**Task objective**.
Starting at the line that contains "Merle Haggard song: Don't", copy every line to the end of the material below exactly, and omit the pictures.

**Dataset excerpt**.
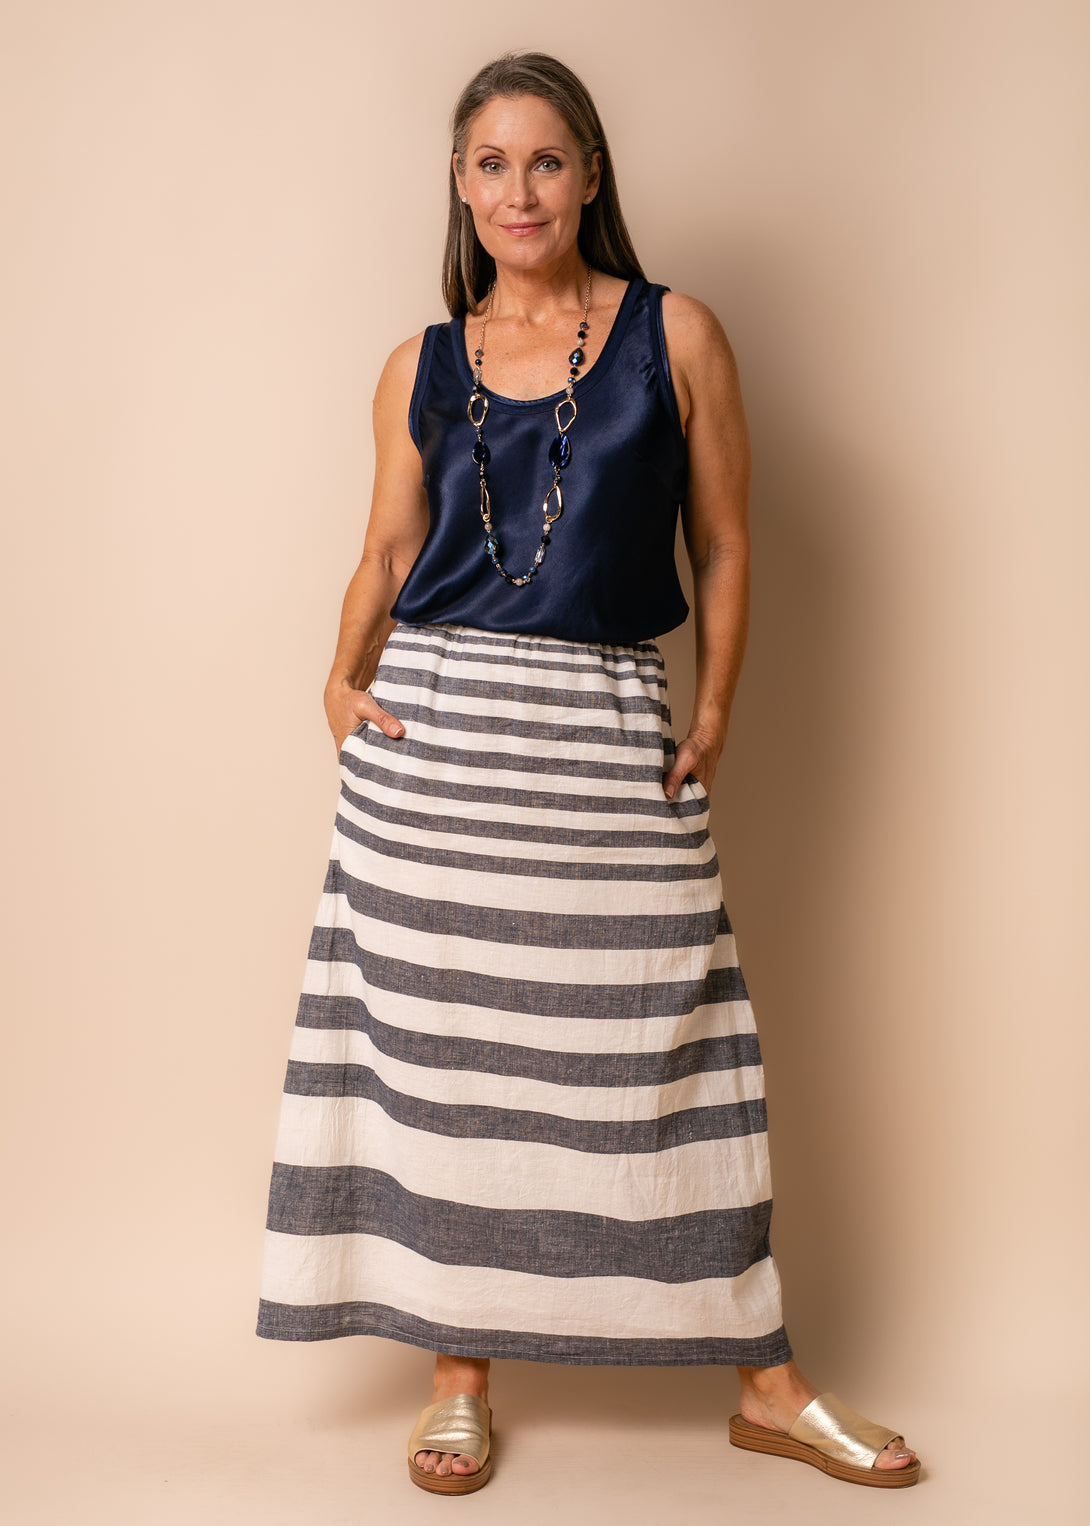 Sinclair Linen Blend Skirt in Navy - Imagine Fashion
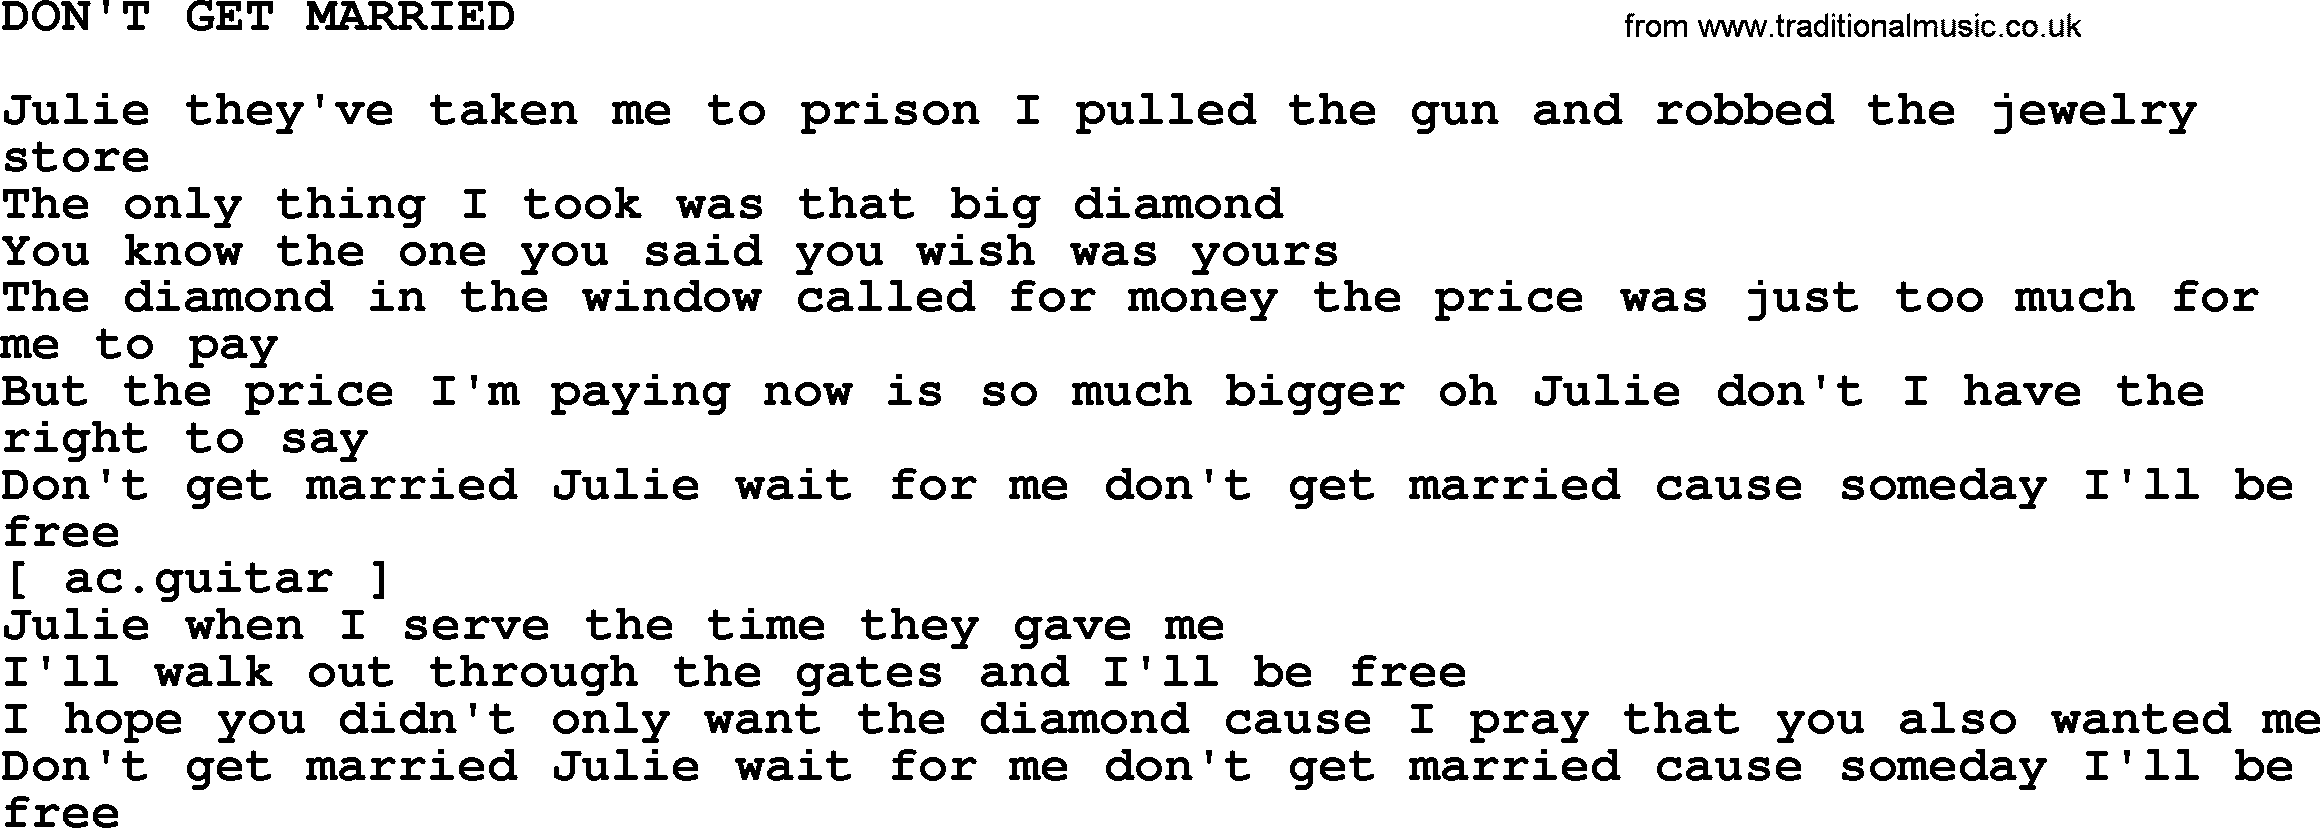 Merle Haggard song: Don't Get Married, lyrics.
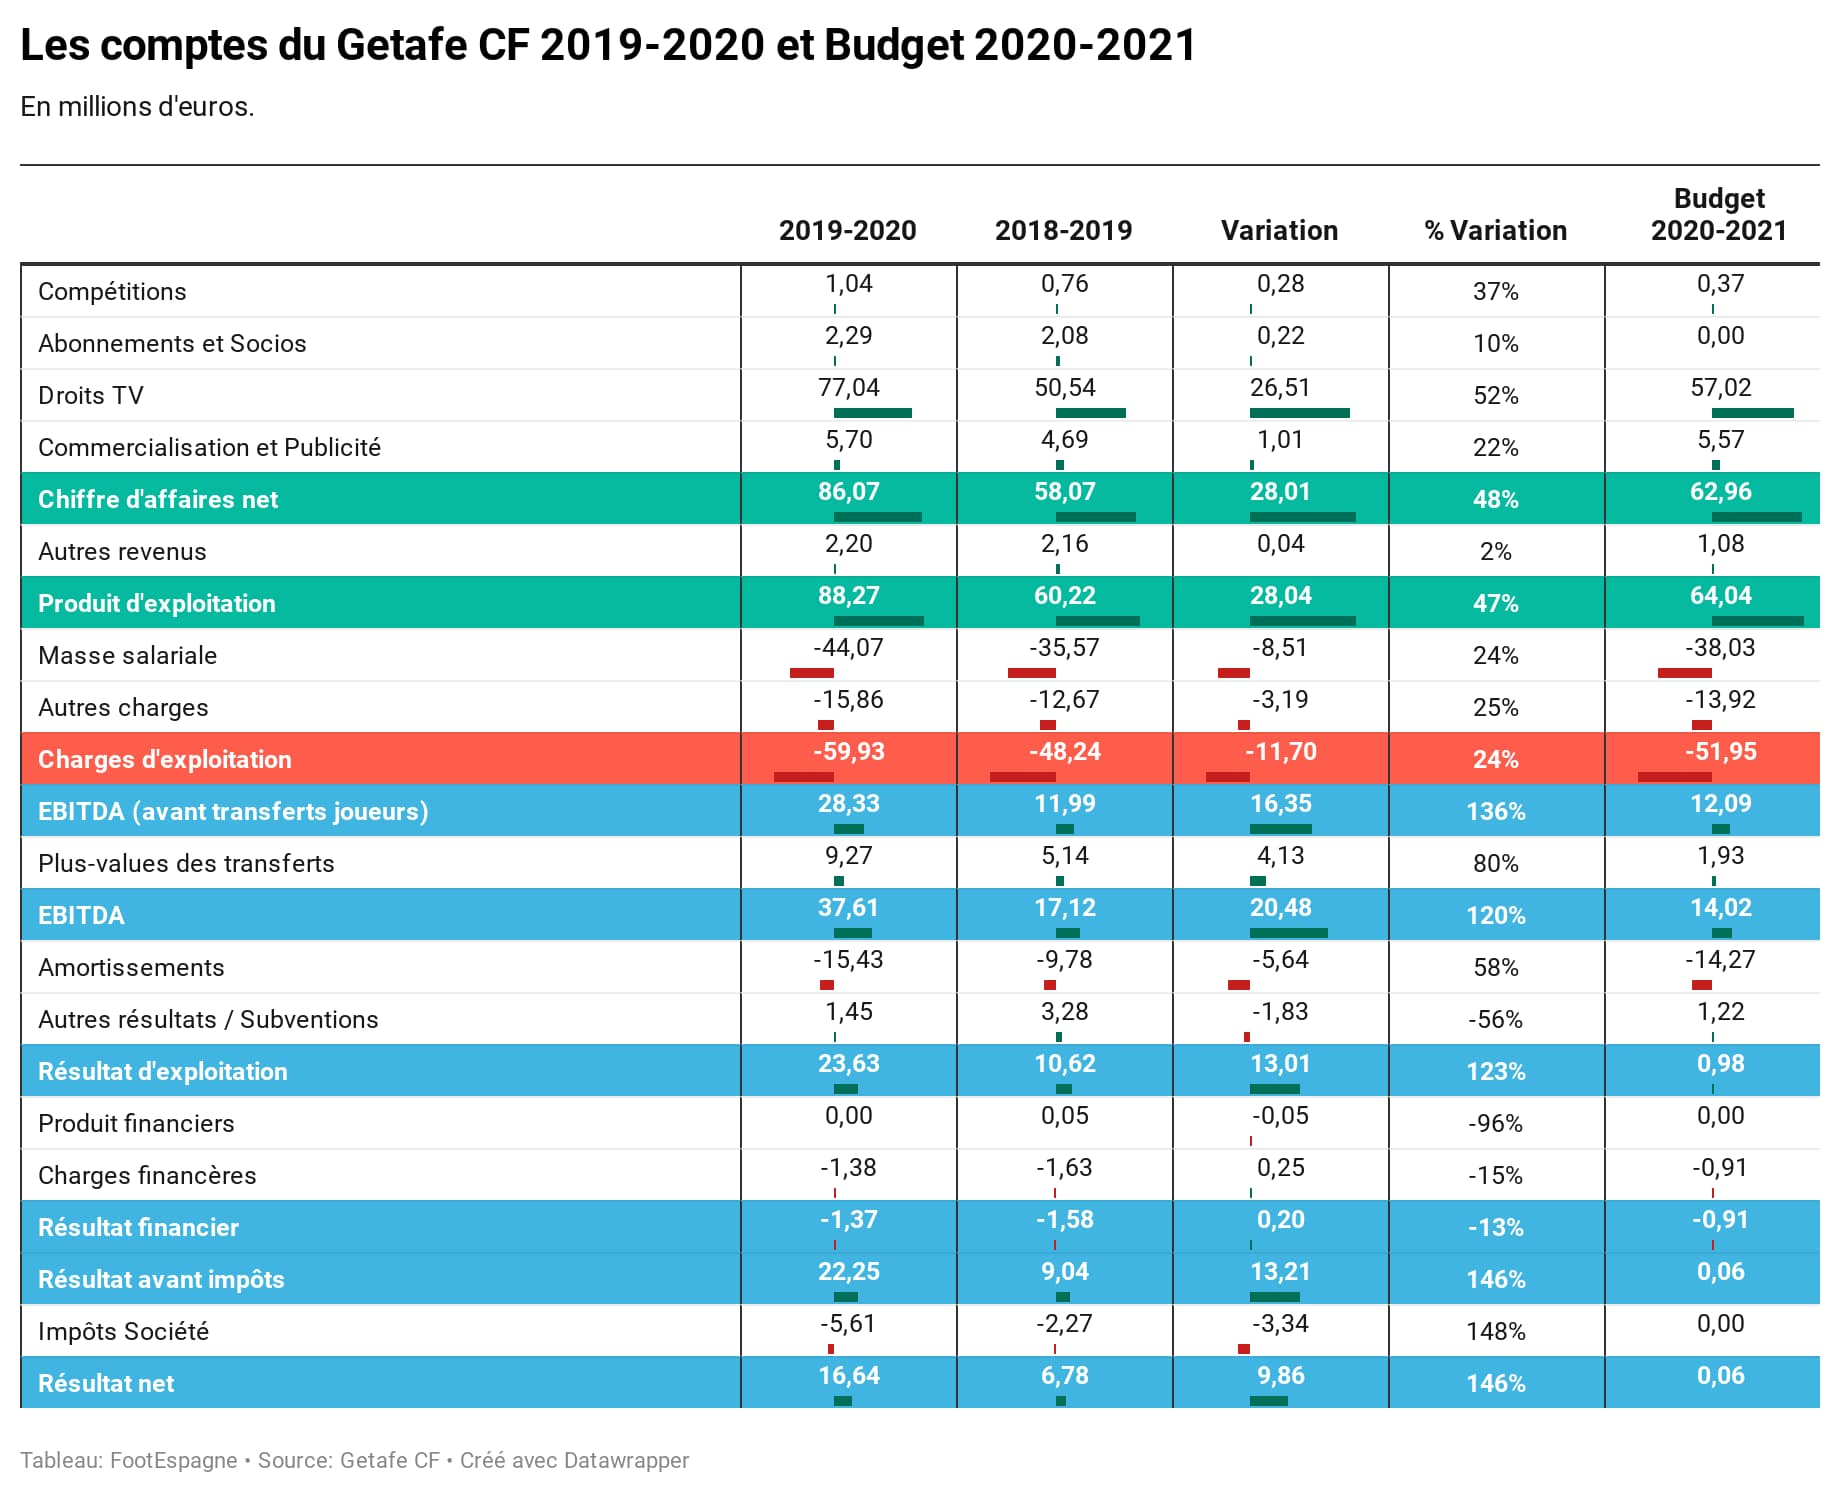 Comptes de résultat 2019/2020 et budget 2020/2021 du Getafe CF

**Solution**.
 Merle Haggard song: Don't Get Married, lyrics.
 Comptes de résultat 2019/2020 et budget 2020/2021 du Getafe CF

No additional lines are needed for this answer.